## Your task
Repeat the data exactly, leaving out any image.

## Given information
------------------------------------

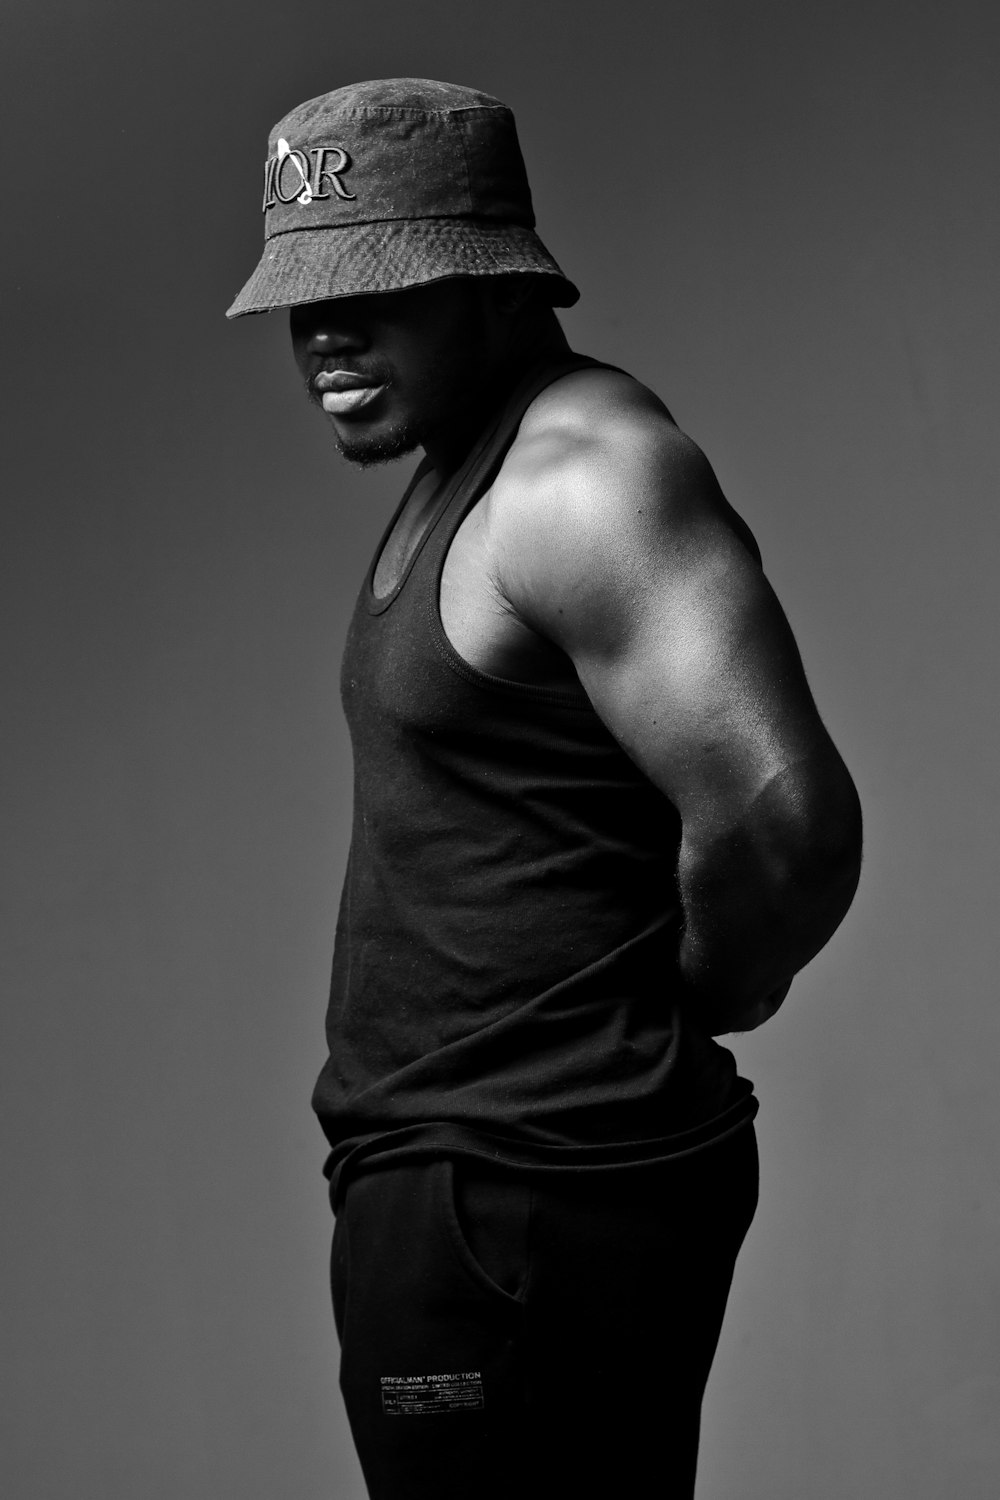 Un hombre con un sombrero parado en una foto en blanco y negro
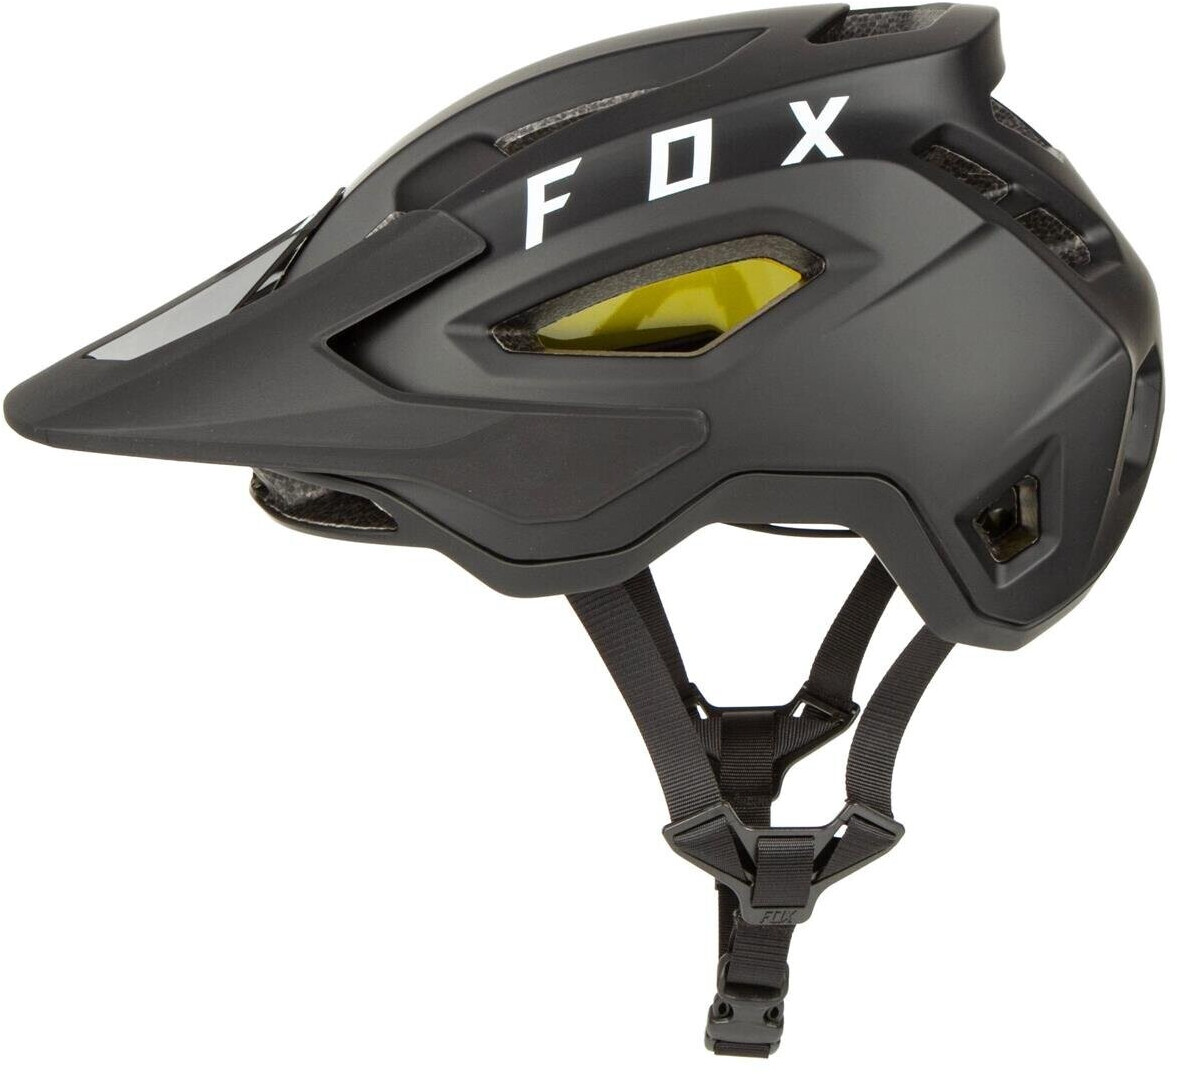 Buy Fox Speedframe Mips black from £89.00 (Today) – Best Deals on ...
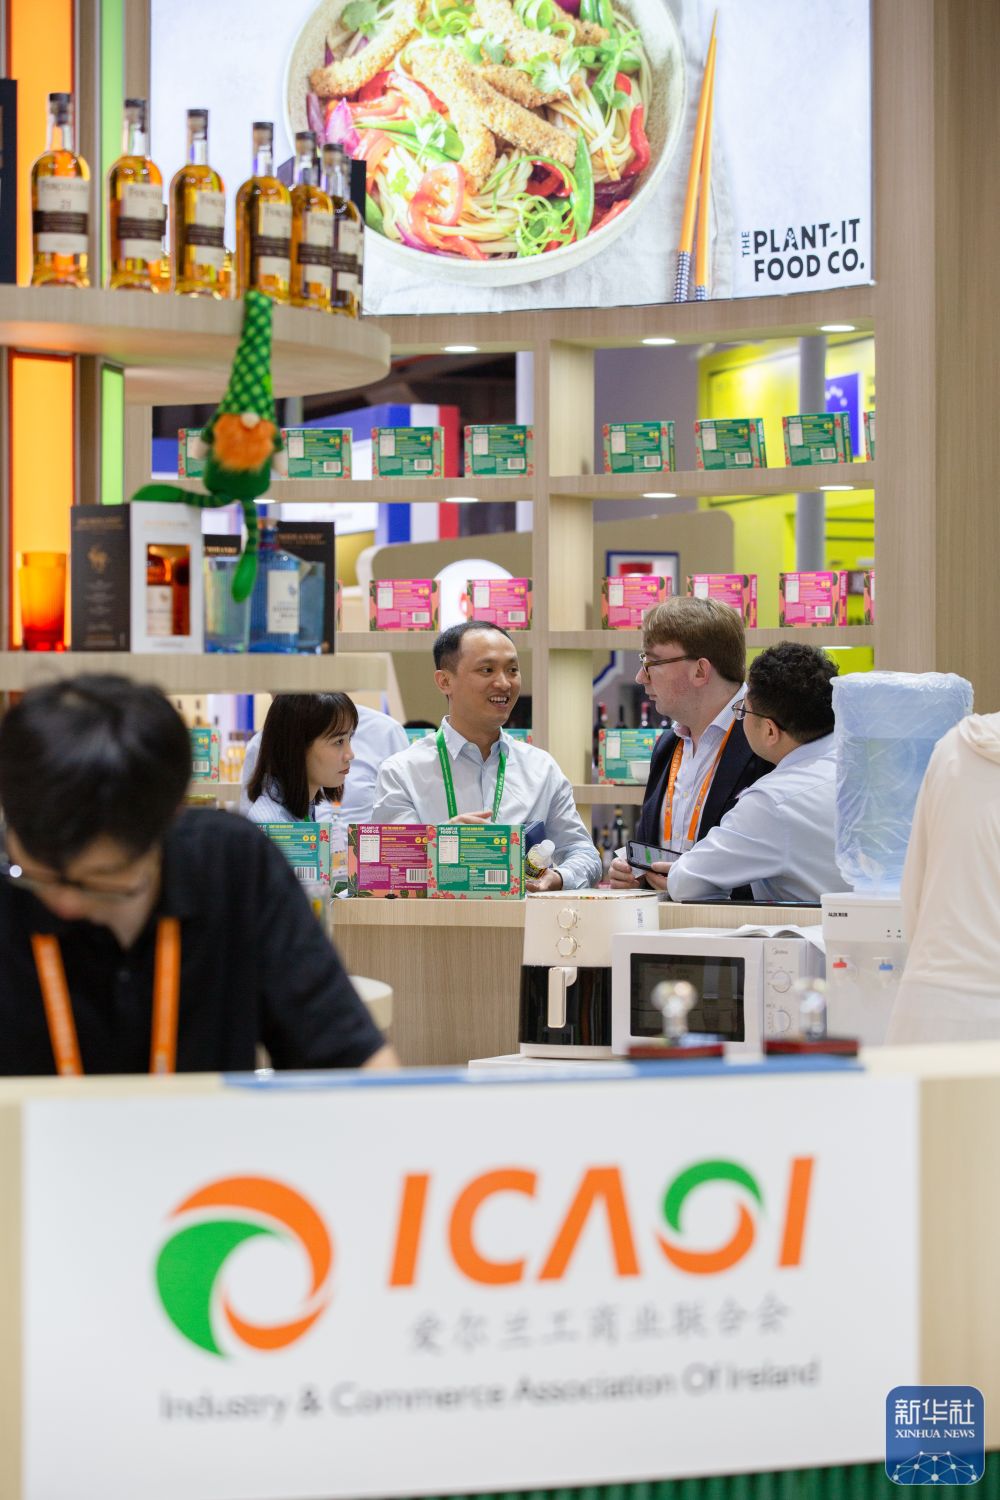 第四届中国国际消费品博览会暨全球消费创新系列活动在海南海口启动
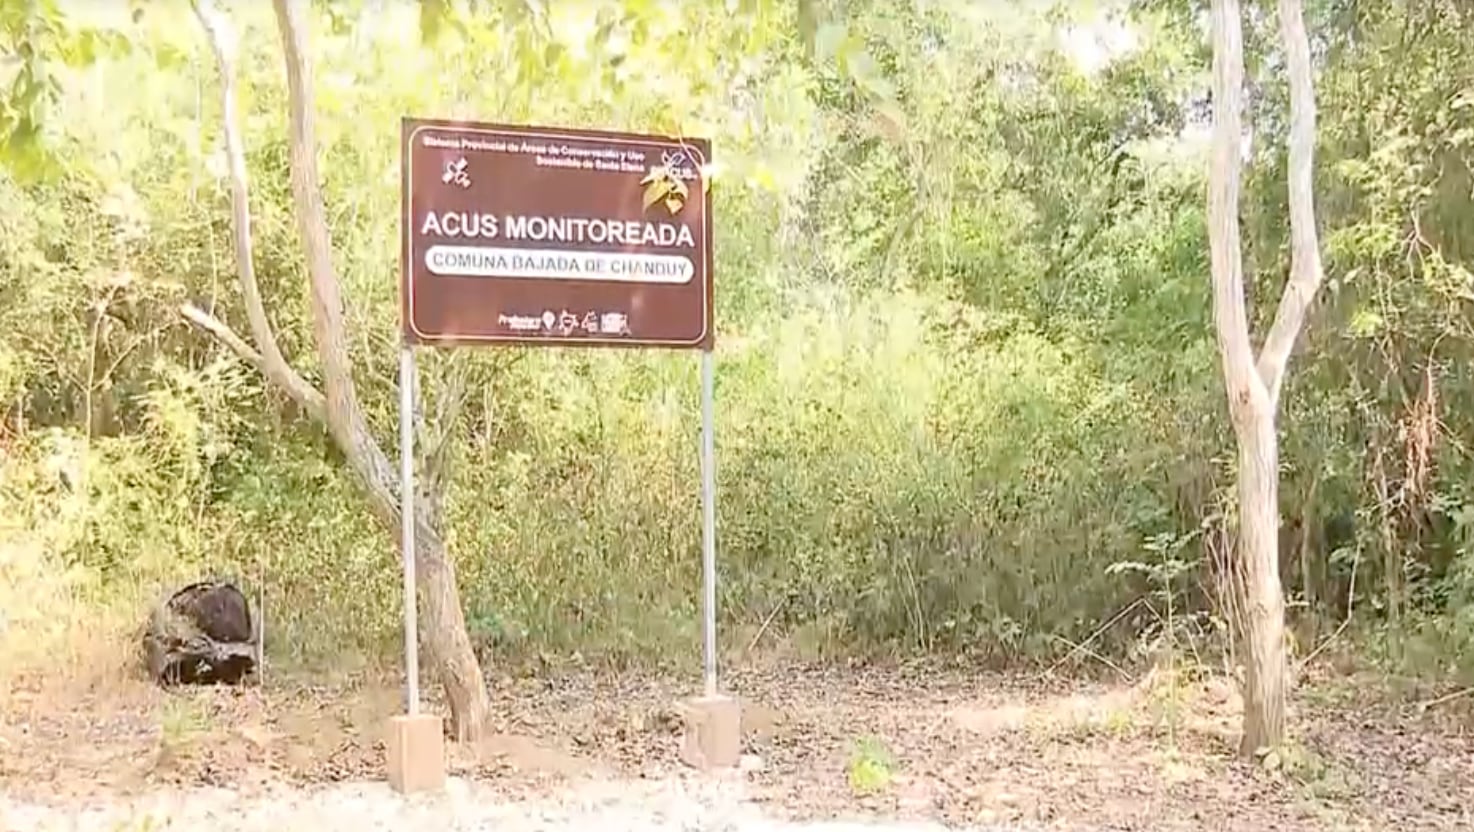 Los letreros de la zona señalan que es un área protegida. (Captura de Pantalla Ecuavisa)

------------------------------------

## Your solution
 Un hombre con un sombrero parado en una foto en blanco y negro
 Buy Fox Speedframe Mips black from £89.00 (Today) – Best Deals on ...
 第四届中国国际消费品博览会暨全球消费创新系列活动在海南海口启动
 Los letreros de la zona señalan que es un área protegida. (Captura de Pantalla Ecuavisa)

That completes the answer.